• SOURCE DATA:
┌──

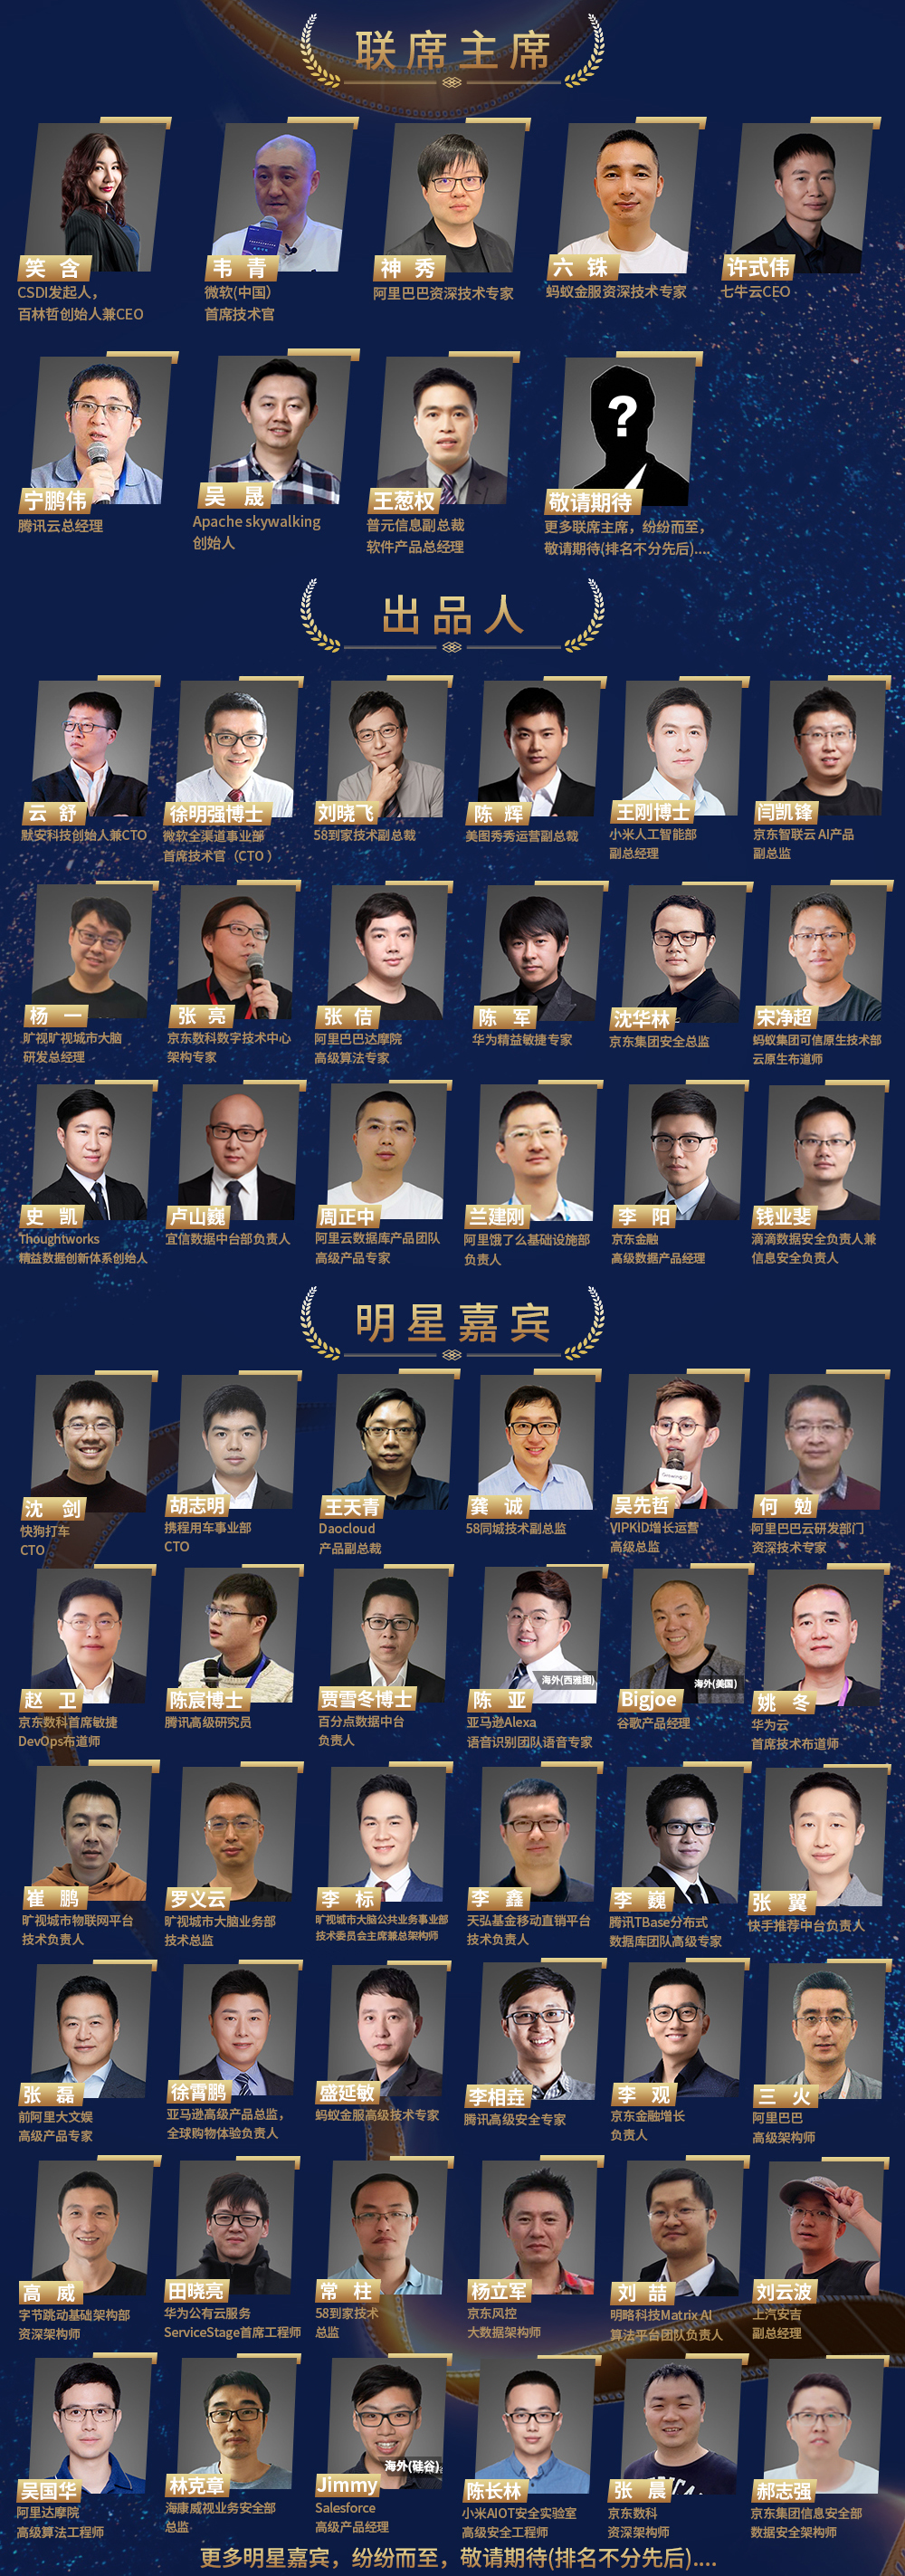 CSDI 2020中国软件研发管理行业技术峰会
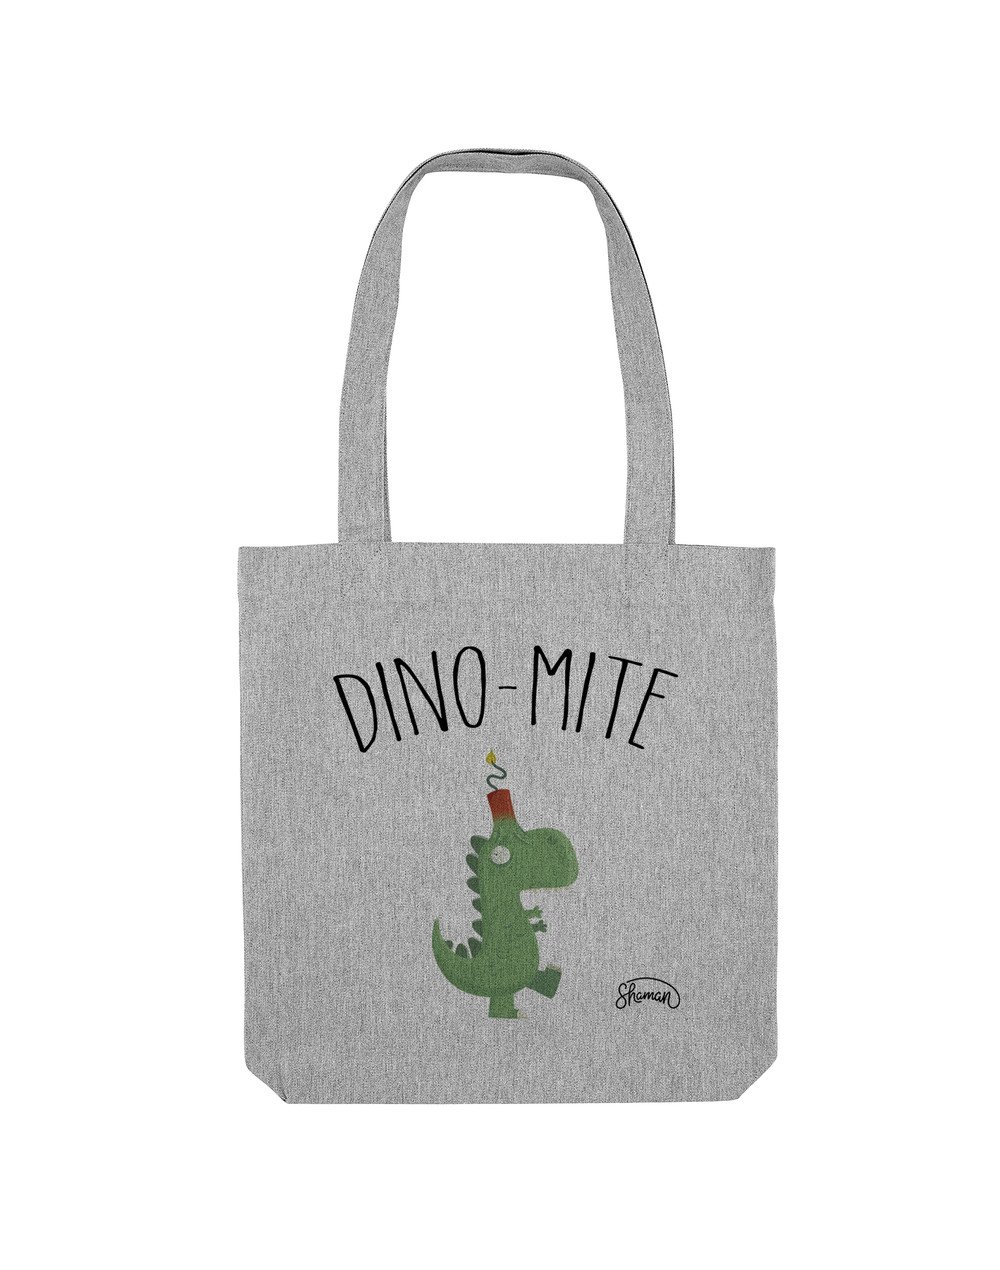 Tote Bag "Dinomite"
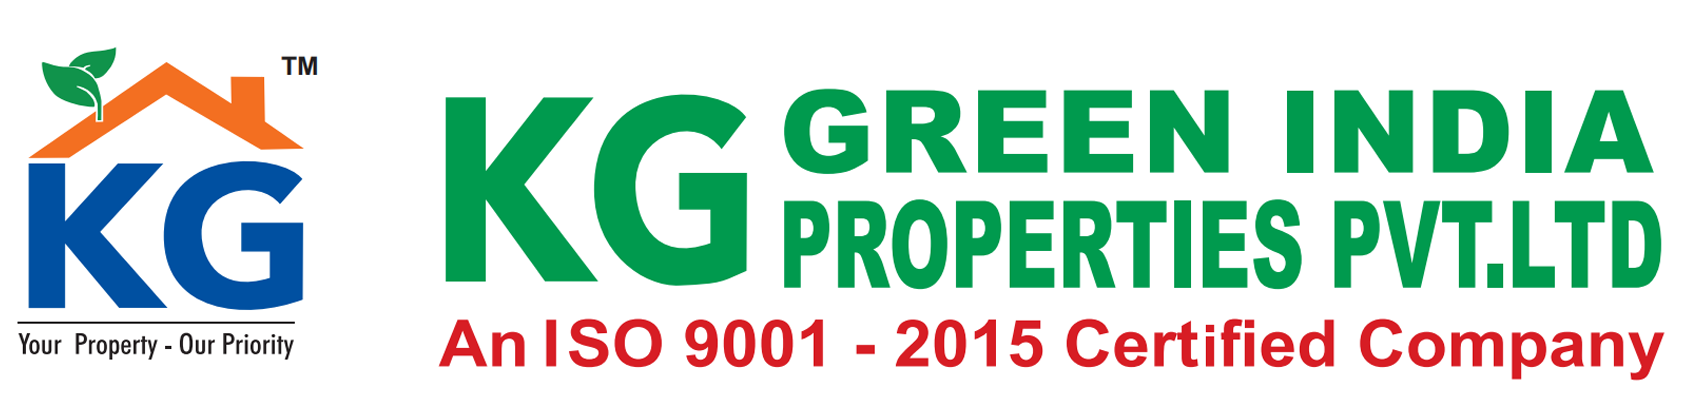 KG Green India Properities-8489777771
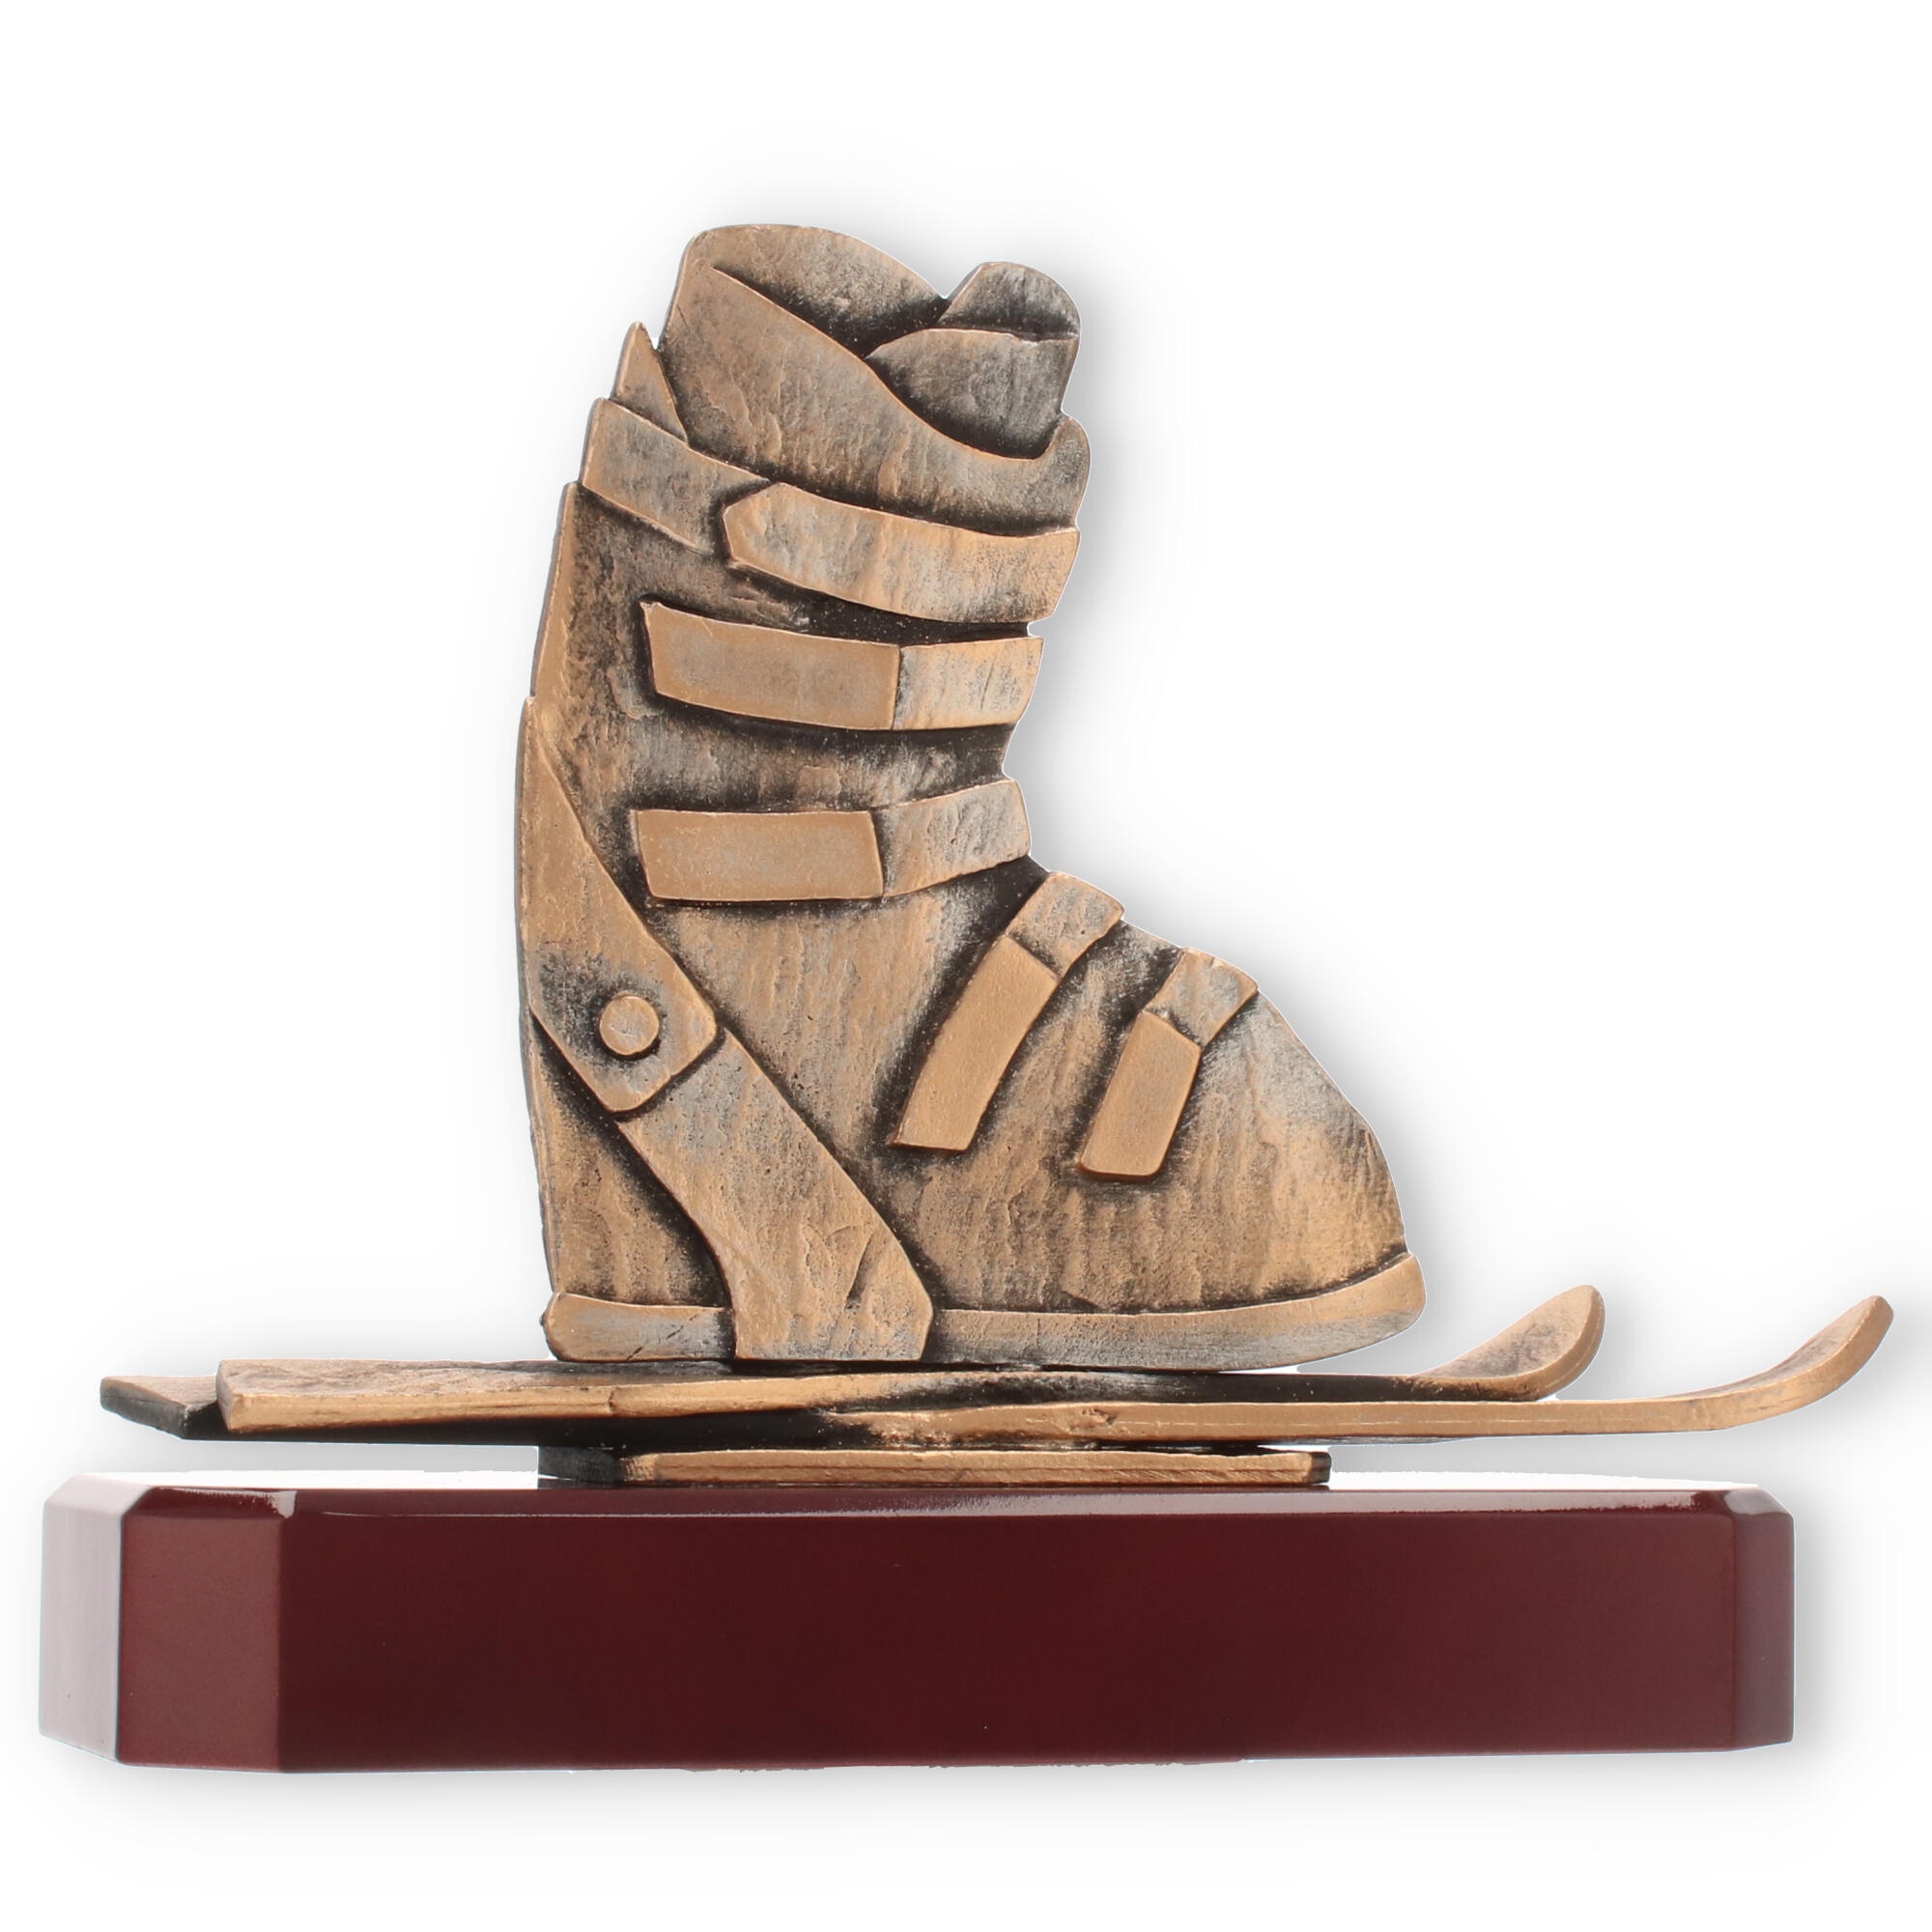 Pokal Zamakfigur Skischuh altgold auf mahagonifarbenen Holzsockel 18,0cm

└──

• YOUR ASSIGNMENT:
What you give back should be exactly the lines from the line holding "KG Green India Properities-8489777771" through the final line of the material, both ends included, and please leave out the pictures.

• REPLY:
 KG Green India Properities-8489777771
 Pokal Zamakfigur Skischuh altgold auf mahagonifarbenen Holzsockel 18,0cm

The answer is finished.